(Source data)

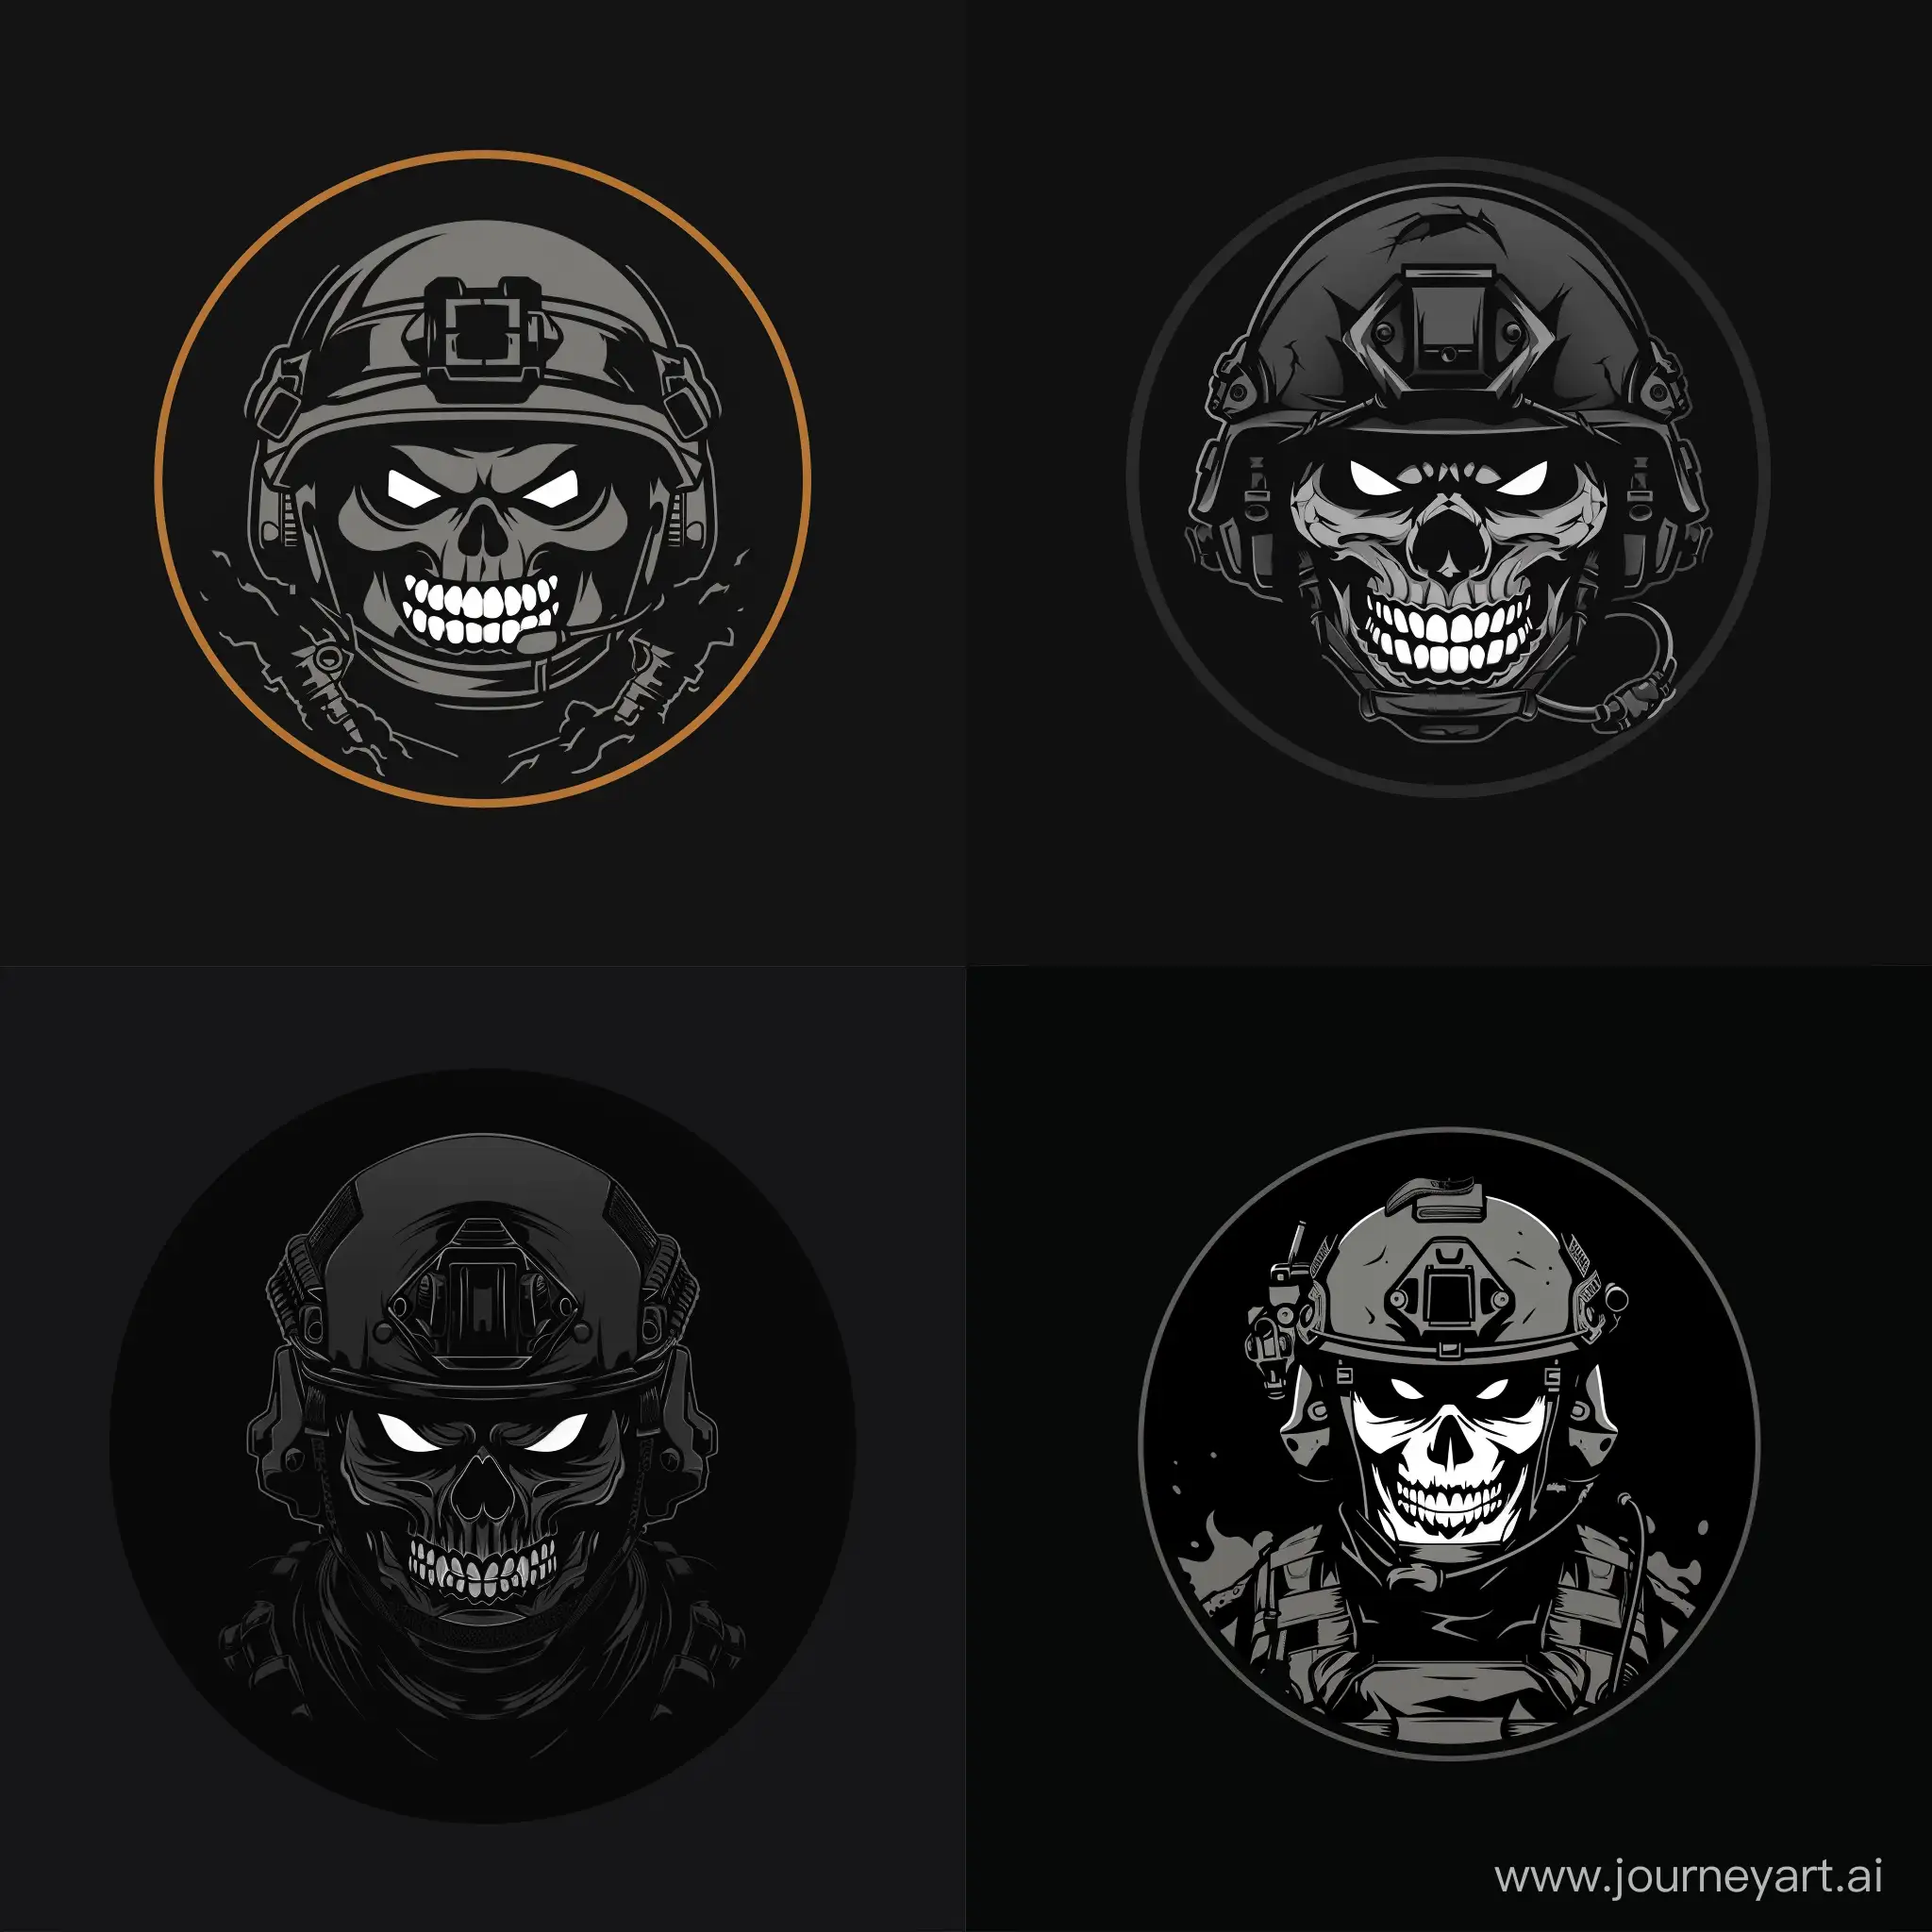 Modern-Madness-Angry-Smile-and-Skull-Mask-in-Minimalistic-Military-Design
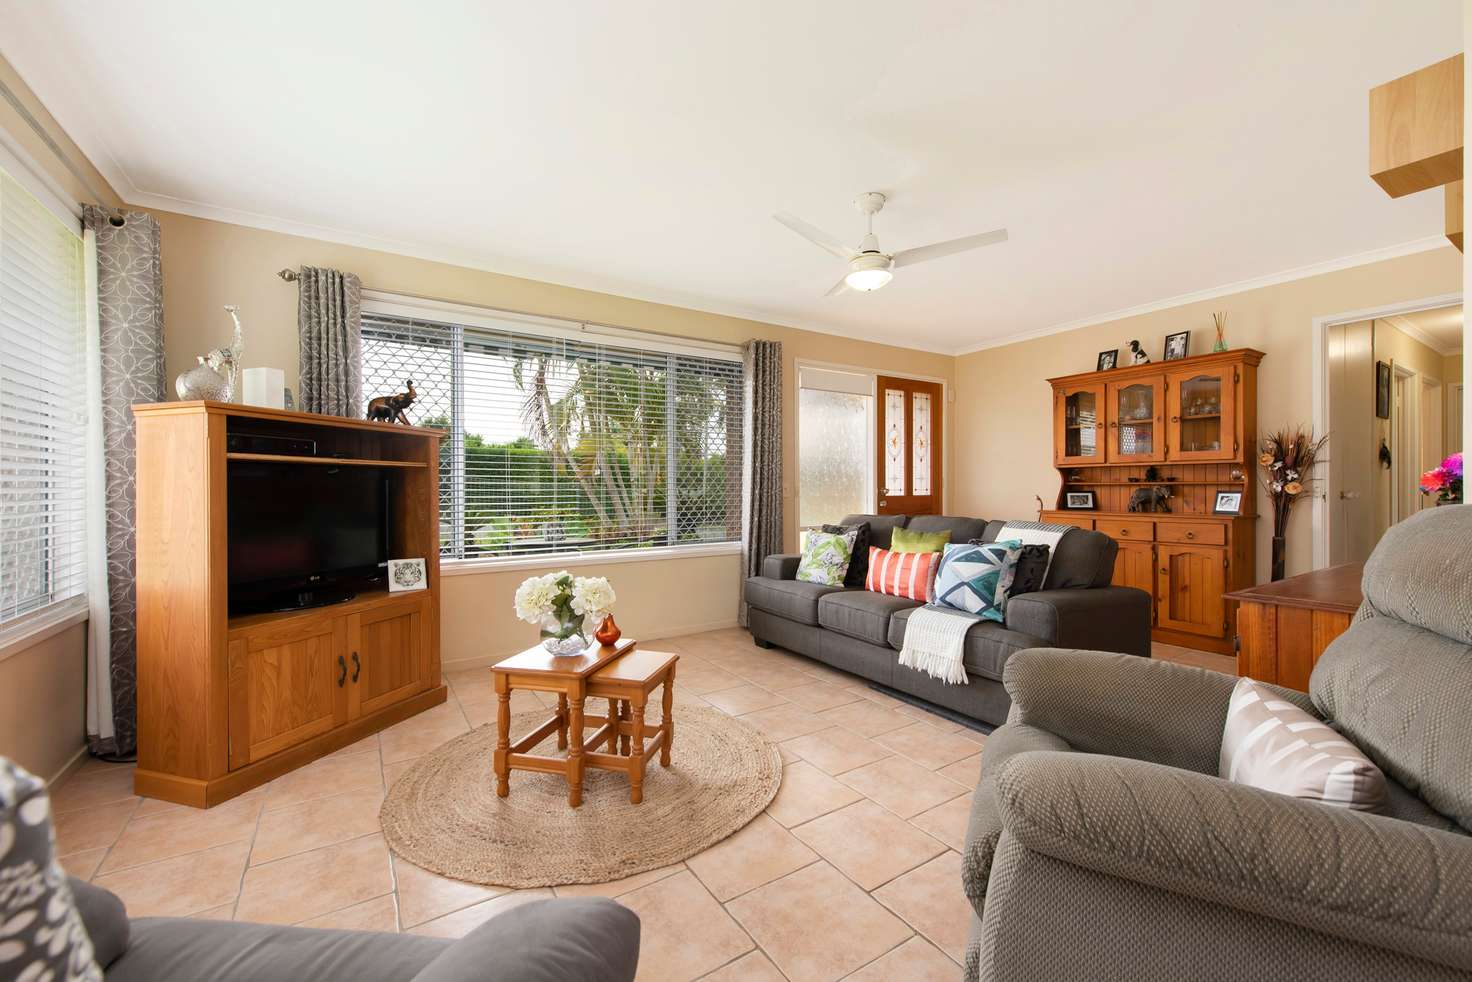 Main view of Homely house listing, 1 Hyacinth Street, Daisy Hill QLD 4127
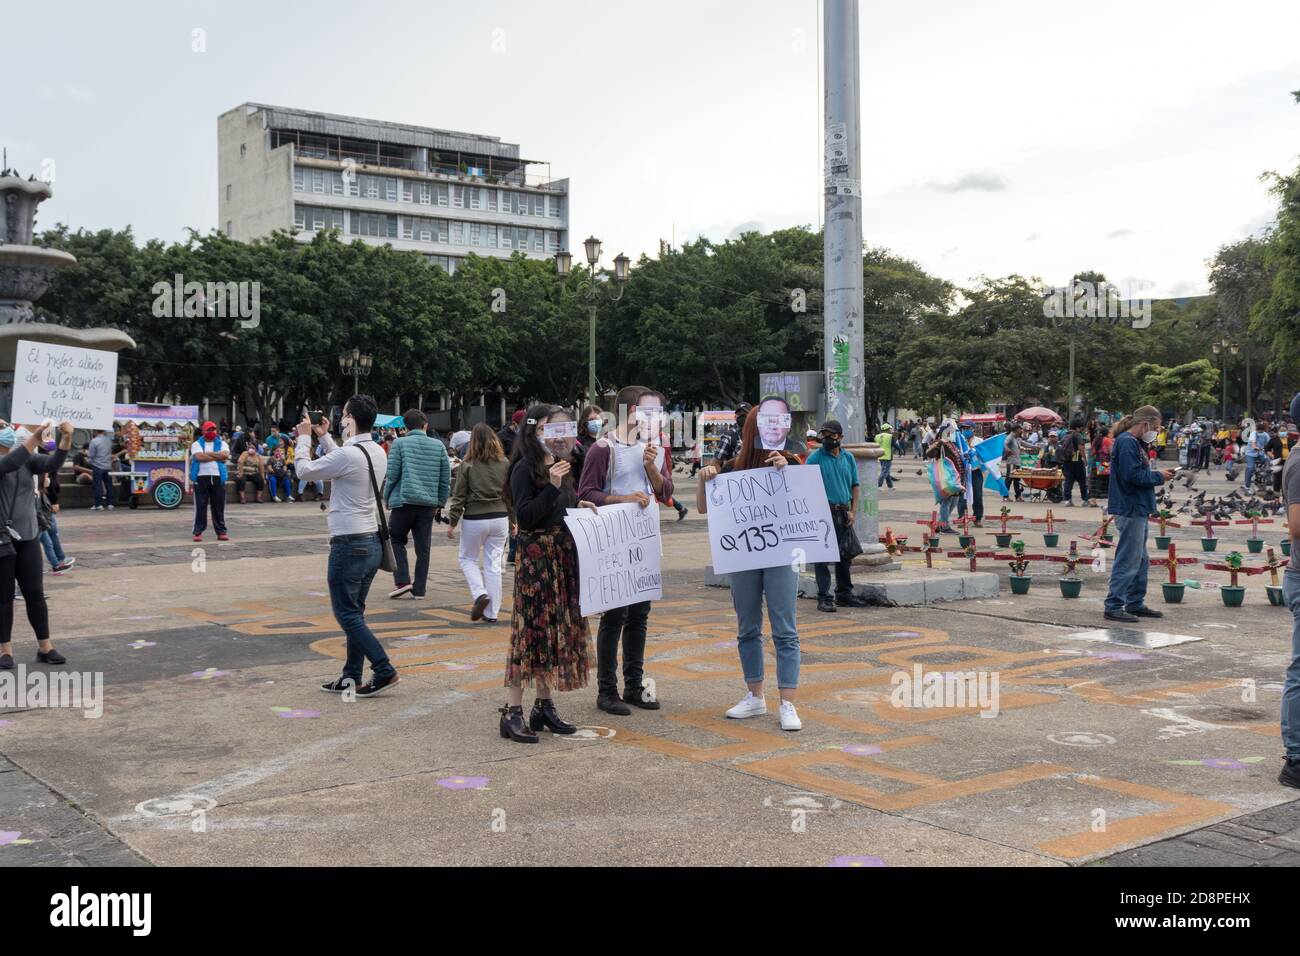 Protest against government corruption in central plaza downtown Guatemala city Stock Photo

(End Source data)

**Work to be completed**
Word for word and without pictures, restate only the lines running from the one that contains "Main view of" through the last line of the listing above.

**Solved exercise**
 Main view of Homely house listing, 1 Hyacinth Street, Daisy Hill QLD 4127
 Protest against government corruption in central plaza downtown Guatemala city Stock Photo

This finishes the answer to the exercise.